Autres points importants
« J’ai pas à prévenir mes parents, je vais avoir 17 ans. » (Nikola, 16 ans)« Évidemment, j’envoie toujours un message pour dire où je suis. » (Rita, 20 ans)
« On est beaucoup plus dehors que nos amies filles. » (Clément, 17 ans)
Prévenir ses parents ou ami·e·s de ses déplacements est une habitude fortement ancrée chez les filles, tandis que les garçons ne ressentent pas la nécessité de rassurer leurs proches.
« On revient de la Fnac pour acheter un livre, les vendeurs se renvoyaient tous la balle pour pas avoir à s’occuper de nous. » (Stef, 16 ans)
« (Imitant un adulte) Vous les jeunes, vous faites que crier ! » (Élodie, 14 ans)
« On nous regarde un peu en mode “jeunesse perdue”. » (Alya, 16 ans)
Certain·e·s nous ont aussi fait part d’une discrimination liée à leur âge. Ils ont souvent la sensation de ne pas être les bienvenus dans certains espaces publics.
Dans une brochure de unia.be (institution publique indépendante qui lutte contre la discrimination et défend l’égalité des chances en Belgique), « Too young ? Too old ? Age discrimination » les auteurs expliquent que les discriminations liées à l’âge sont alimenter par des stéréotypes ou par des préjugés. « Une distinction ou une inégalité de traitement liée à l’âge d’une personne est trop souvent considérée à tort comme normale, neutre et admissible. » Cette institution incite les jeunes (comme les personnes âgées) à signaler les discriminations de ce genre.
Avancer
L’aménagement ou ré-aménagement des espaces publics est une étape fondamentale dans la production d’une ville plus inclusive.
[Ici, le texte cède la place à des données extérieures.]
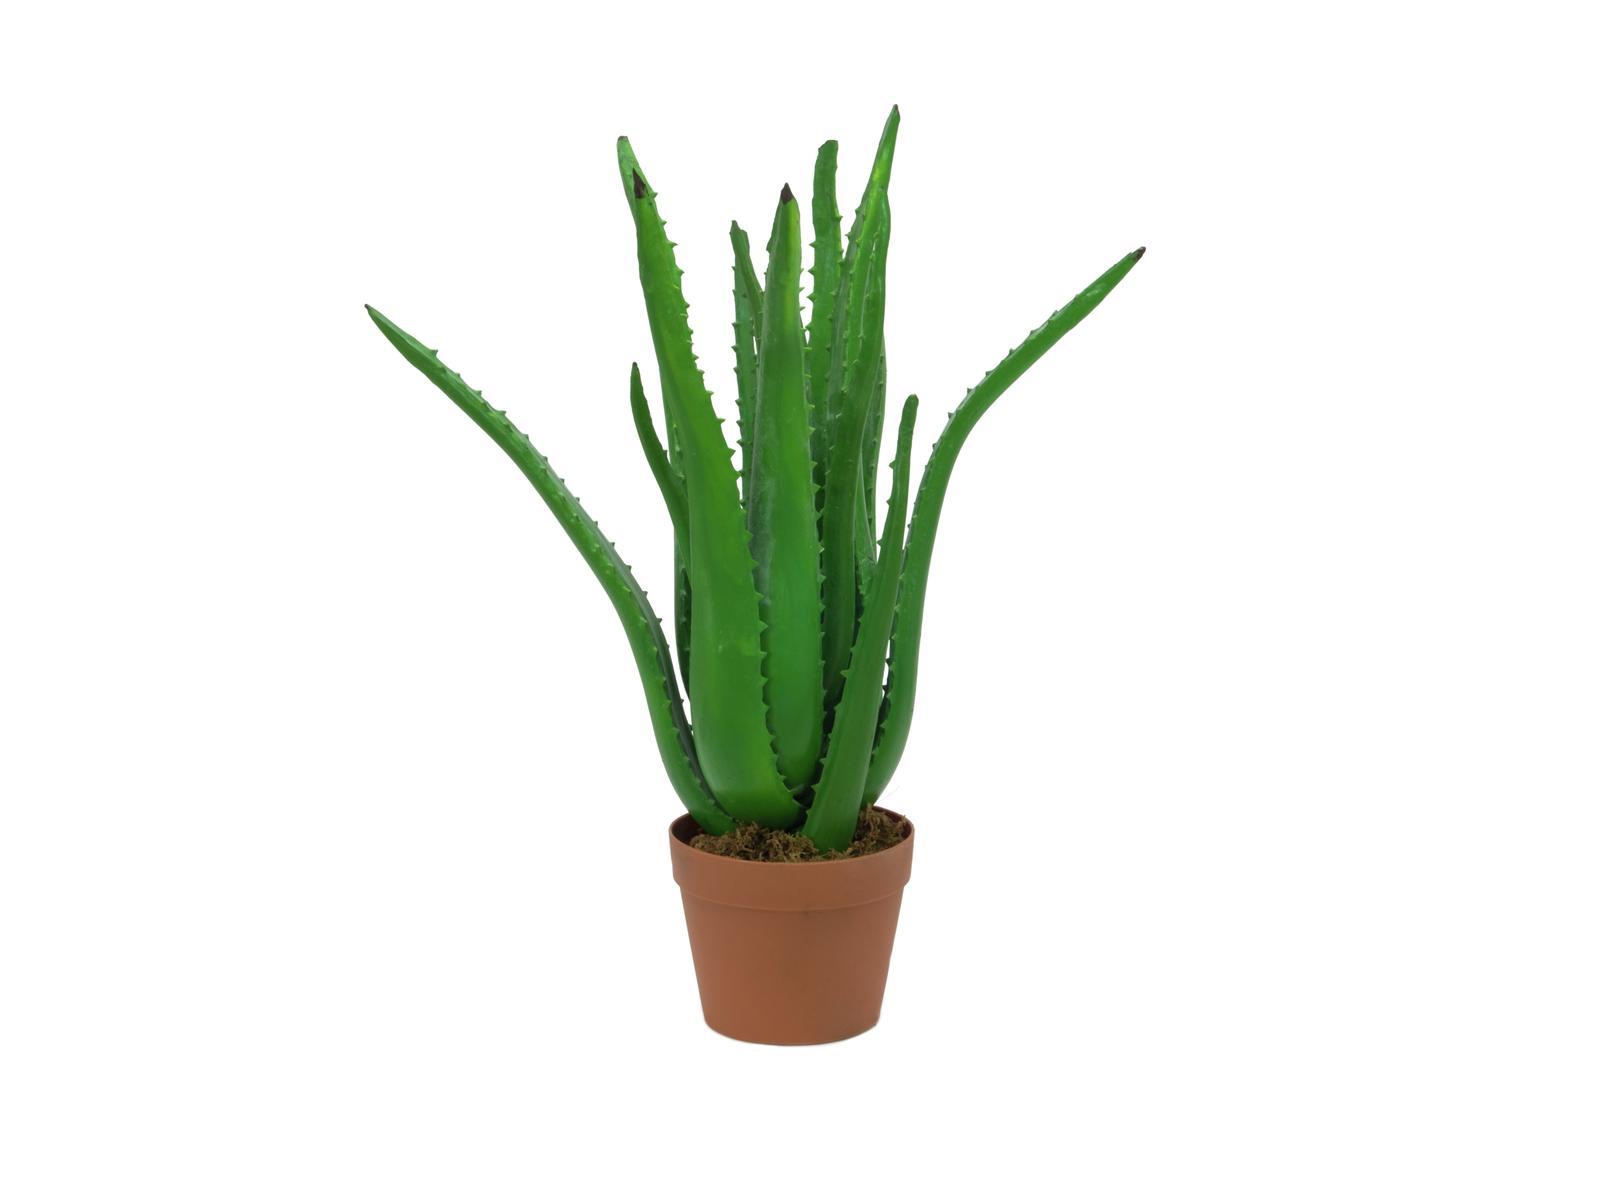 EUROPALMS Aloe-Vera-Pflanze, Kunstpflanze, 63cm
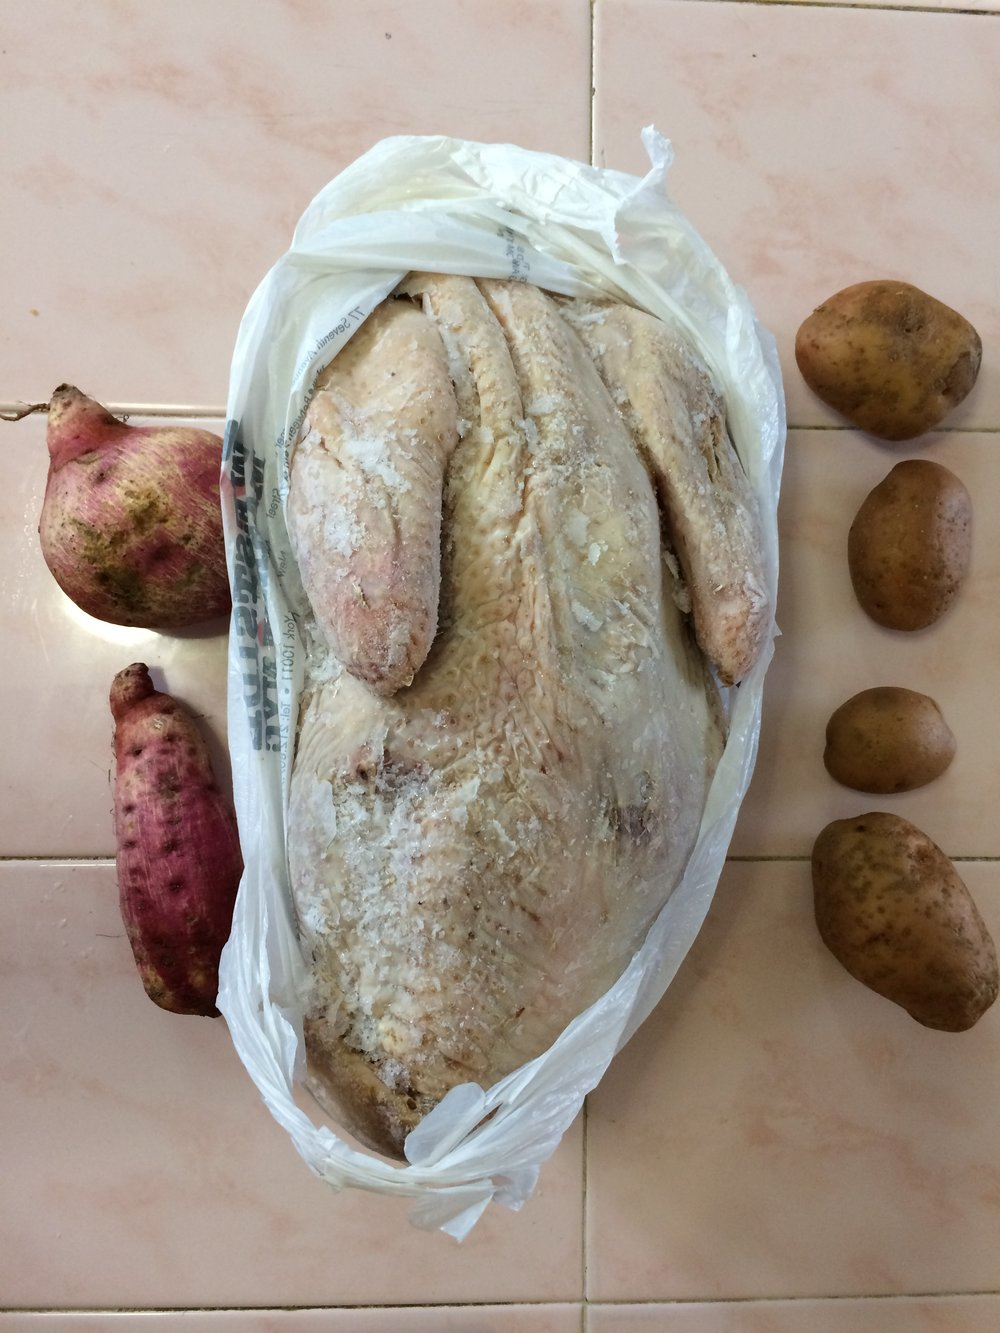 My purple sweet potatoes, a skinny Cuban turkey, and black market potatoes.

Cependant, cela ne sera qu’une solution dite « cosmétique » s’il n’y a pas en parallèle une déconstruction des stéréotypes et préjugés.Afin d’accélèrer la prise de conscience et la levé des tabous, nous avons trouvé pertinent les projets incitant les adolescent·e·s à signaler les discrimination dont iels sont victimes, et proposant la mise en place d’ateliers de prévention et de sensibilisation dans les écoles, les réunions lors d’aménagements publics et les entreprises directement ou indirectement en lien avec un public jeune. Il est de notre responsabilité à toustes d’aider les adolescentes à ne plus être « seulement de passage » dans les lieux publics.